Once the acquiring company has assessed the target’s technology, IT can help identify opportunities and estimate the costs associated with realizing them. By working with functional subteams, IT can understand the true impact of integration and form realistic estimates of its duration. In a recent industrial merger, for example, IT collaborated with all functions during integration planning to design a critical order-to-cash system that served several businesses. As a result, each line manager could clearly identify not only the processes that would be implemented once the merger closed but also the timing and eventual magnitude of the improvements.

Hit the ground running

Beyond due diligence, the real work of integration begins well before a deal closes, so that the merged organization can be operational on Day One.

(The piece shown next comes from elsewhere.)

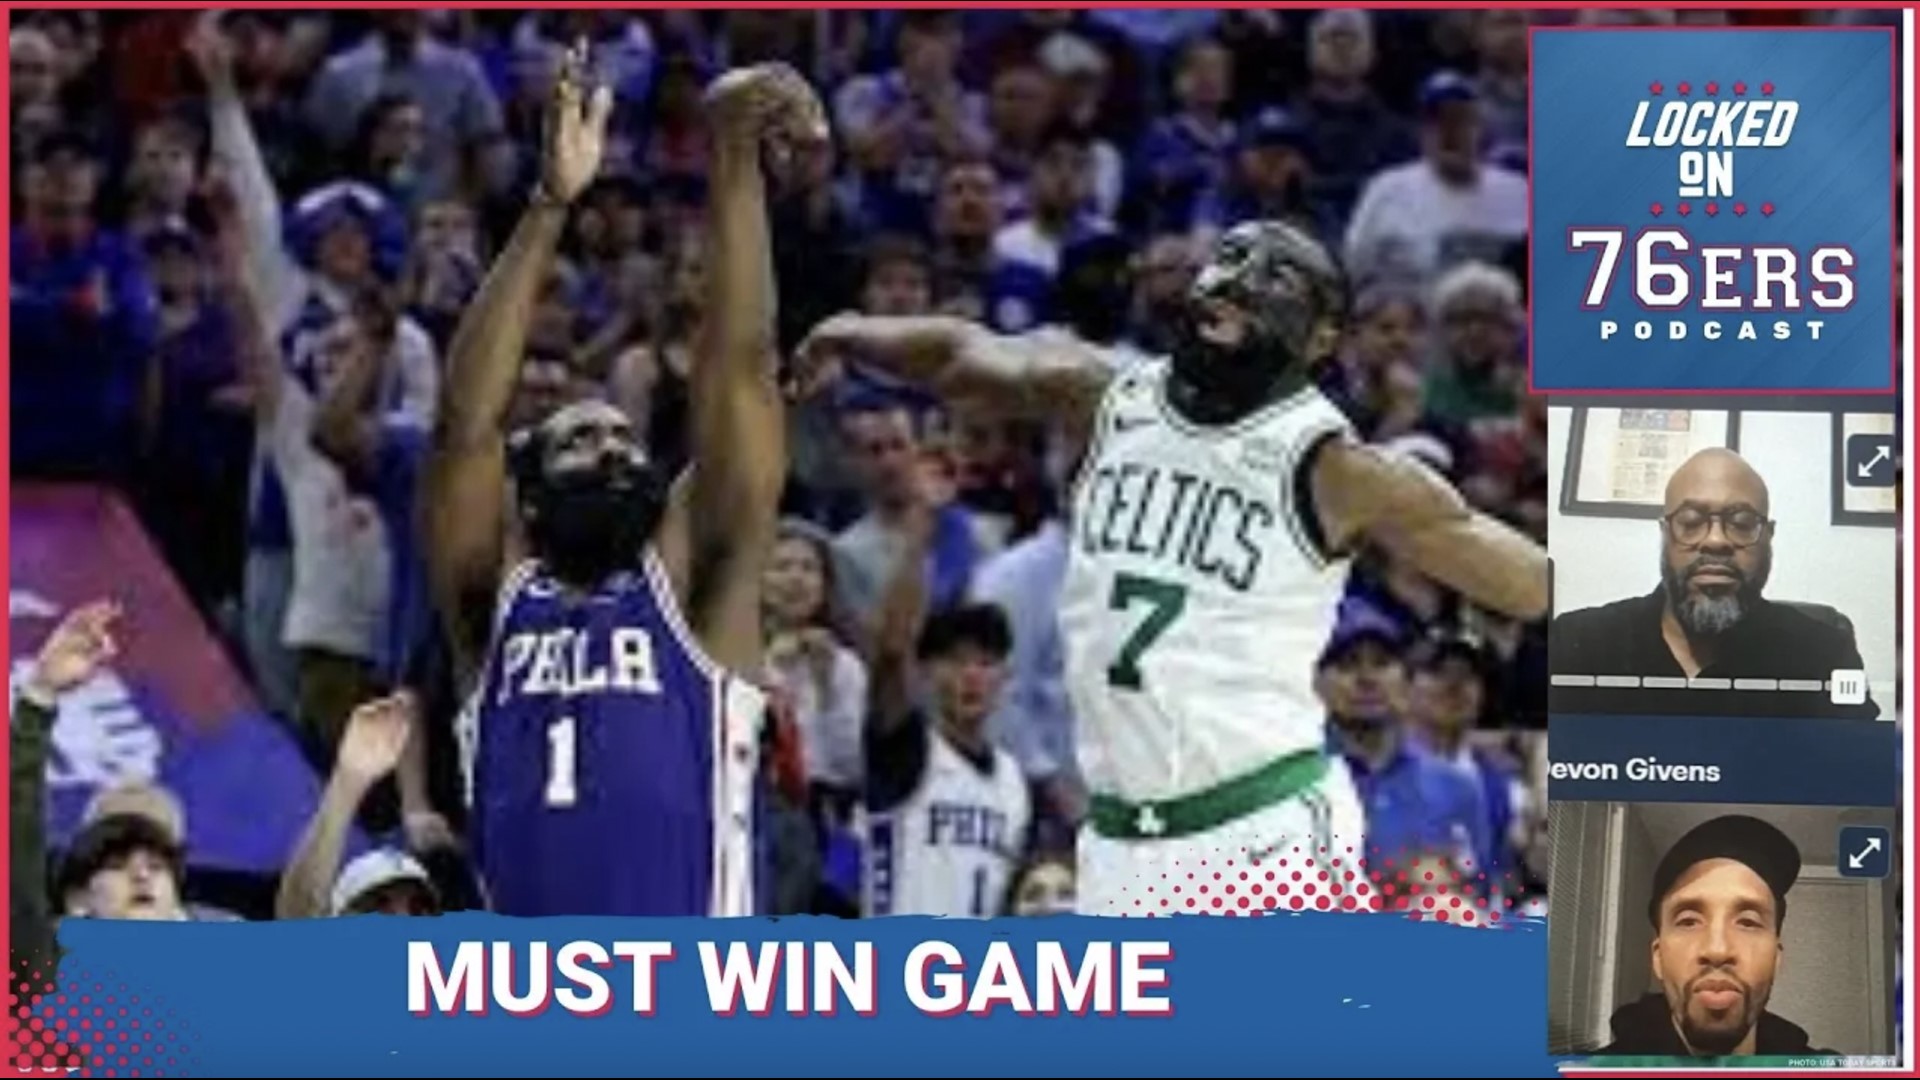 Is Game 5 of the Eastern Conference semifinals series against the Boston Caltics a must-win for the 76ers? Devon Givens and Keith Pompey answer that question

Serial acquirers develop a clear strategy for determining which data to migrate and which systems to keep in place for a while. Financial and employee systems such as payroll and benefits, critical to keep the business running and ensure regulatory compliance, are often ported over to the acquirer’s system. The organization can then pursue the key objectives of the acquisition.

 

One resource-management company typically begins by integrating logistics and routing systems, which are crucial to supporting its facility-management operations. Business leaders can then move on to the acquired company’s other systems to ensure they are fully integrated within the agreed time line (see sidebar, “Key questions for Day One”).

Day 100 is a key deadline. By then, the organization will have completed its first quarter as a combined entity, a milestone that generally involves coordinated financial and other regulatory reporting. To support these tasks, best-practice teams agree to make decisions quickly, understanding that the swift integration of IT systems is more valuable than a lengthy debate on the relative merits of competing systems. Typically, the acquiring company can migrate data and systems to its own platform in less time. In a horizontal integration, where the newly acquired company’s markets expand on existing ones, this is particularly true.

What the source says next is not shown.